Do you know a usual work around for variation in symbol visibility? I'm happy to copy it from another test but am wary of guessing what might work on Windows.

Our windows builds always just add dso_local, so we typically just do a wildcard there to handle those cases (or, separate check lines for windows).

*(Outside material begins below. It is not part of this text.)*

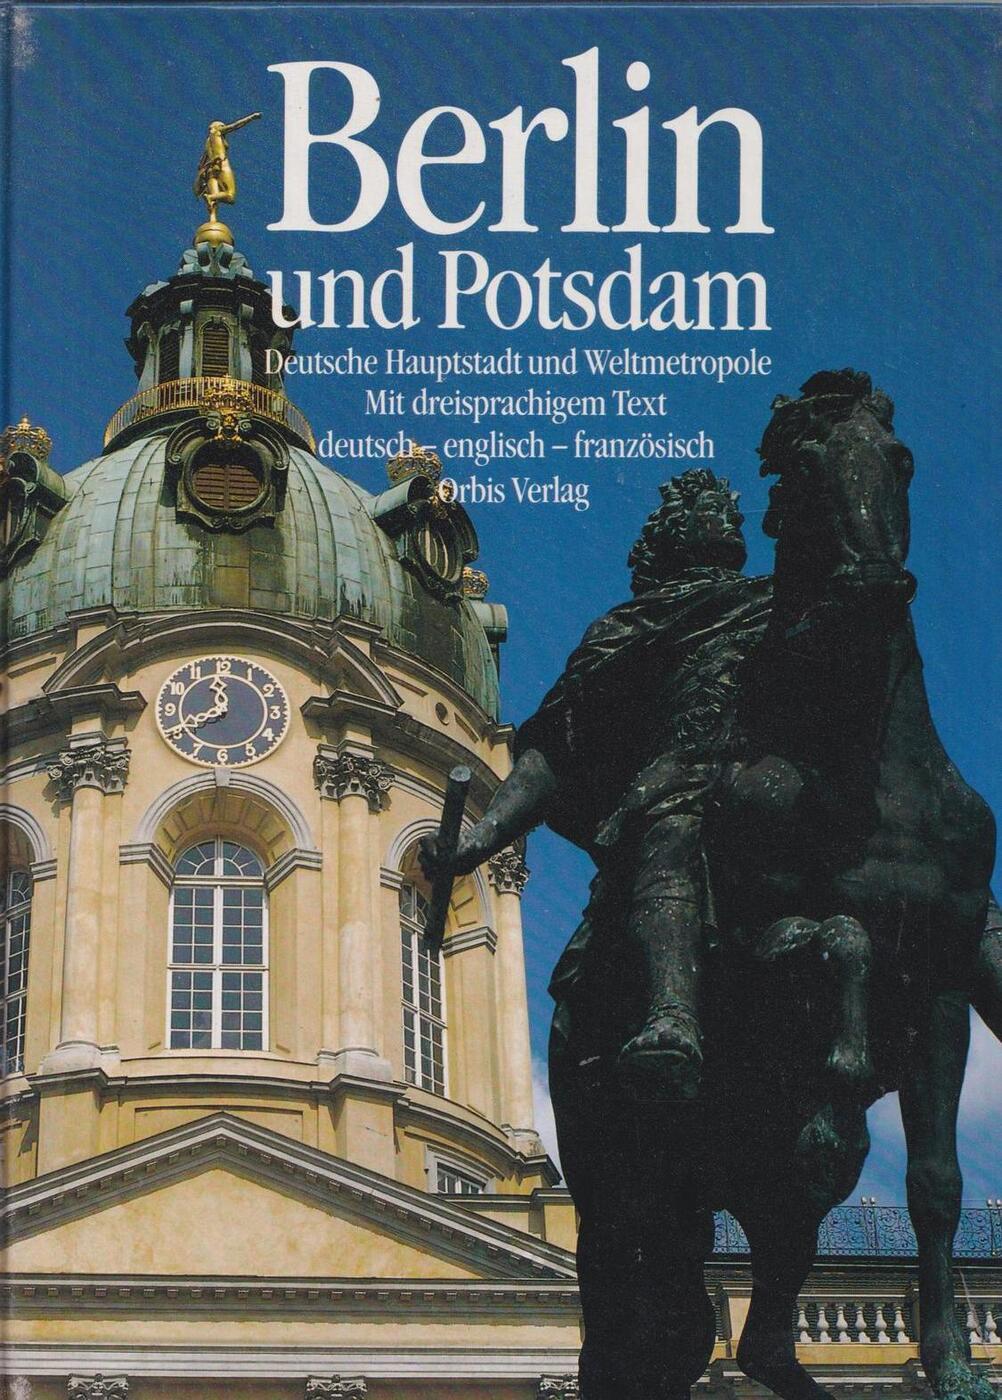 Berlin und Potsdam. Deutsche Hauptstadt und Weltmetropole / Берлин и Потсдам

Also, see this bug: This crashes immediately when used on a template instantiation: https://bugs.llvm.org/show_bug.cgi?id=47169

Also, see this bug: This crashes immediately when used on a template instantiation: https://bugs.llvm.org/show_bug.cgi?id=47169

Thanks for the bug report! Template instantiations are missing from the test cases, I will go debugging.

I did a little debugging, and the problem is the template itself isn't a complete type until you require it with RequireCompleteType. You have this same problem with incomplete types: https://godbolt.org/z/hvf3M4

I would suspect you either add a RequireCompleteType for your loader_uninitialized checks, or move the check somewhere where it is already complete.

I did a little debugging, and the problem is the template itself isn't a complete type

That's clear cut then, thanks. This patch was limited to trivially constructible types, and we don't know whether the type is trivially constructible if it's incomplete. Thus it does require complete types and we're missing a check in sema

Yep! Declaring a global variable that isn't 'extern' with an incomplete type is disallowed anyway, so if you call RequireCompleteType, you're likely just diagnosing that early.

You MIGHT have to do some work to allow:

struct S;
extern S foo __attribute__((loader_uninitialized));
JonChesterfield added a comment.EditedAug 14 2020, 10:50 AM

Yep! Declaring a global variable that isn't 'extern' with an incomplete type is disallowed anyway, so if you call RequireCompleteType, you're likely just diagnosing that early.

You MIGHT have to do some work to allow:

struct S;
extern S foo __attribute__((loader_uninitialized));

I'll add that to the tests. Looking OK so far, added a check to SemaDecl and the crash is gone. No fix needed for C. Will have a patch up soon

edit: extern + loader_uninitialized was rejected in the first patch, will check it still works like that

Fix proposed at D85990. Thanks for the detailed bug report!